A sofreguidão de não sentir desejo algum.
Nem a pureza
ou a suposta leveza da juventude

E tudo se repete
numa canção tão insuportável como imperceptível.

quinta-feira, 7 de março de 2013

Narciso

Saio da água
com os dedos enrugados
e a alma suja,
o ventre cheio
de coisa nenhuma
e poças nas palmas furadas.

Nem palavras nem gritos
nem sequer ruídos
ou silêncio,
só eu
Narciso enamorado
deambulando com os pés atados
por histórias inacabadas
reais ou inventadas

investidas inúteis
dos meus desejos fúteis
reflectidos na água turva
que me escorre
como enguia
do indicador e do médio
sem vergonha
nem companhia.

E quantas comichões
e infecções curadas
com doenças libertinas.
Outros tempos.
Entropias distópicas
pérfidas e animais.
Mas nunca mais do que eu.

Vê como se riem de nós
de rosas brancas cravadas nas mãos
pombas no lugar de sangue
asas cortadas pelo vento,
penas no meu caixão.

Já não me pertence
a dor ou a doçura deste abraço
e de que vale o cansaço
e as tendinites
se foi em mim
que se afogou a fugaz Afrodite
já sem mágoas
nem água
por onde beber.

domingo, 24 de fevereiro de 2013

A morte de Vénus


Tudo é estranho neste momento. O pesadelo que tive, sentir as mãos dele no meu pescoço enquanto me beijava, como só ele sabia aliás. Às vezes ainda acordo com ele ao lado, a sussurrar-me ao ouvido como nunca voltarei a ser feliz. E como sempre, um beijo de bom dia, que bom é estar quente. Lembras-te, disse-me, lembras-te de como nos sentíamos constantemente à beira da morte, dos murros contra a parede. Nunca há paz nesta casa, continuou, o amor não é assim. Talvez não te ame, disse eu, talvez sempre tenhas tido razão e sejas fruto do acaso e da curiosidade, talvez seja como dizes e não tenhas passado de uma fonte interminável de poemas. Talvez, continuei, a tua dor sejam as minhas palavras; já te disse que deixei de sentir. Não sentes nada? Não, por isso é que me toco, adormeceste-me a alma, chupaste-me a juventude. E eu esgotei-te até ao poema mais doloroso, até deixar de saber como te magoar.
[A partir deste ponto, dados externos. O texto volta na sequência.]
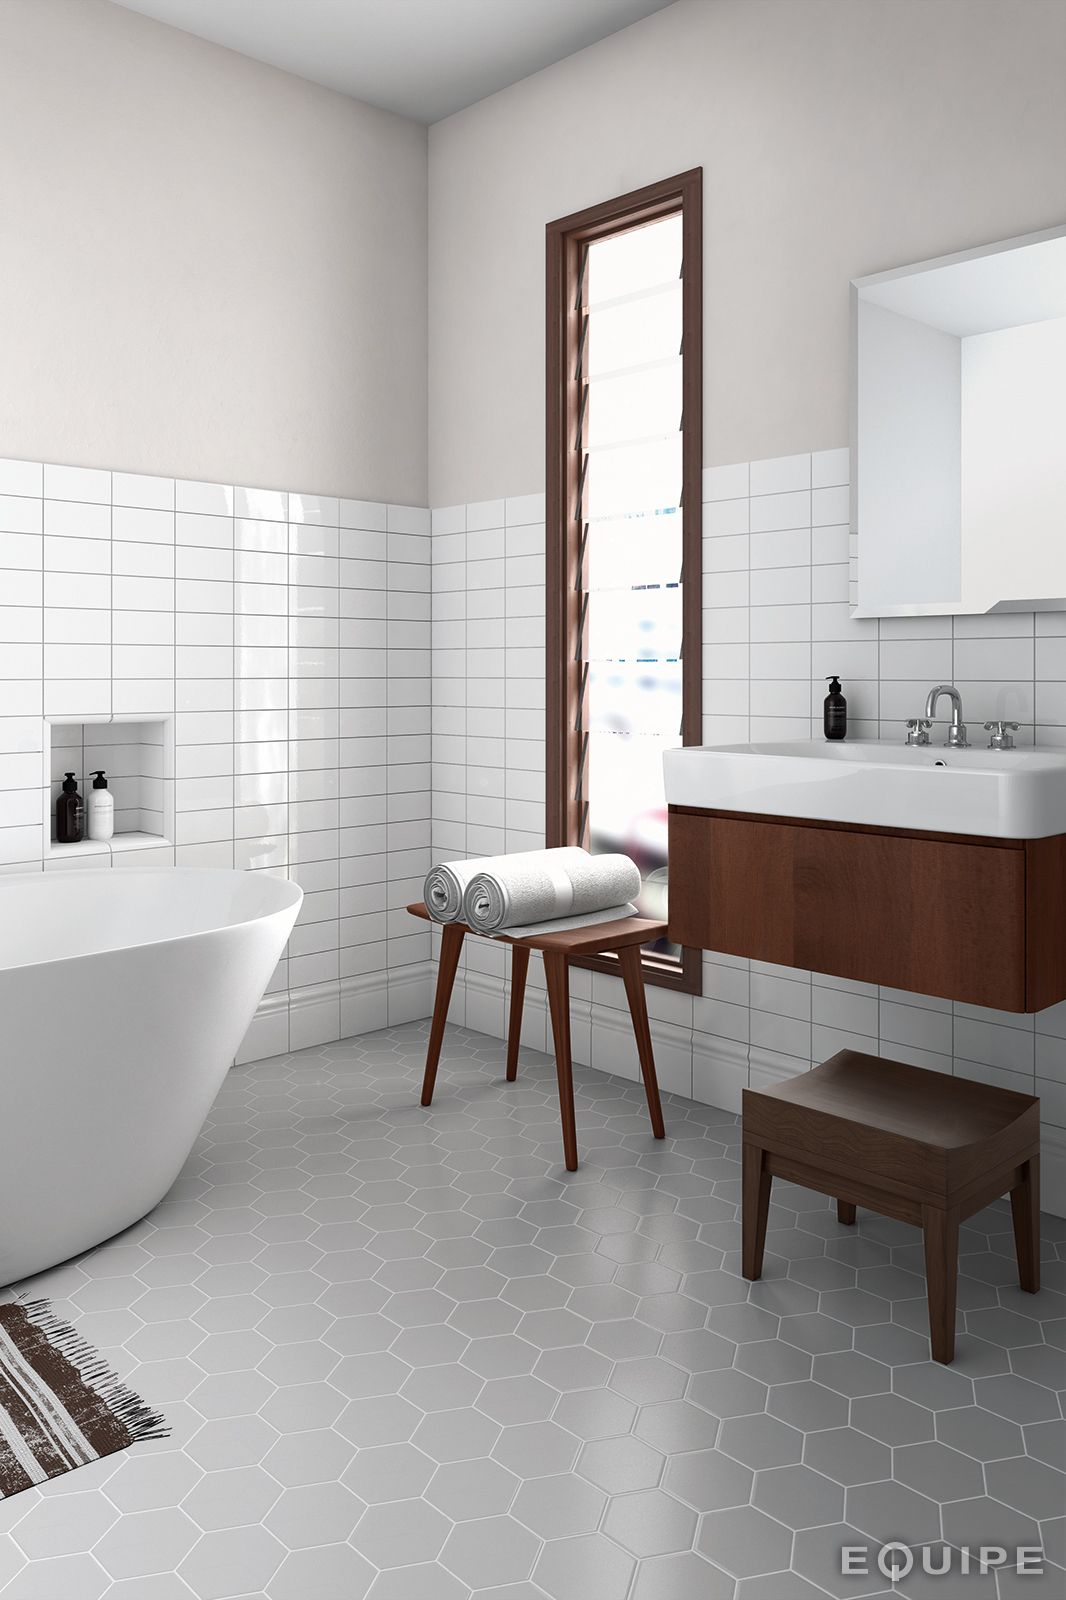 Scale grey 116x101 floor tile with horizontal subway tile scale grey 116x101 floor tile with horizontal subway tile bathroom doublecrazyfo Images

Foi a cegueira. Tudo é uma névoa imensa que vejo e que sinto, que me envolve. Estarei já eu tão imersa na miragem que se tornou em paisagem de verdade? Não sinto a neblina em dias assim. Consegues sentir-me? Achas que estou mesmo aqui, agora? Ainda te apetece dançar? E fazer amor comigo? Não digo aqui e agora, digo para sempre, quando tiver as veias azuis e salientes, e os pés inchados e frios. És fria, disse ele, sempre foste; agora também sou. Mas tens os lírios, dei-te lírios o ano passado, disseste que gostavas do cheiro. Eu sei, disse eu, pendurei-os de cabeça para baixo como me disseste, perderam o cheiro; eu também perdi o cheiro. Tudo me cheira a cinzento. Foi por isso que lhe deste a mão? Não me lembro, não estavas lá, tive medo que me batesses; eras tu ao contrário. Gostava quando me tratavas como uma criança, quando me ajudavas a vestir o pijama e me davas banho, não tinhas maldade, não eras um homem. E o que era eu se não era homem? Não sei, outra coisa qualquer, eras o extraordinário. Perdi-o? Perdeste, acho que o perdi contigo, obriguei-te a isso. Já não és extraordinário, és homem. E sabes bem que não gosto de pessoas. Deixei de me interessar pelo extraordinário no dia em que te deixei.

O meu corpo flutua agora no espaço, bem longe de mim, a mirar-me de cima como um fantasma. Não sei já se sou quem observa ou quem é observada, a de cima ou a de baixo. O verme ou o espírito. Chamavam-me Vénus quando tinha o cabelo comprido. Eram eles que ora me amarravam ao chão, ora me levavam pelo ar. Vénus morreu e estou em paz, não corre vento nesta maldita terra.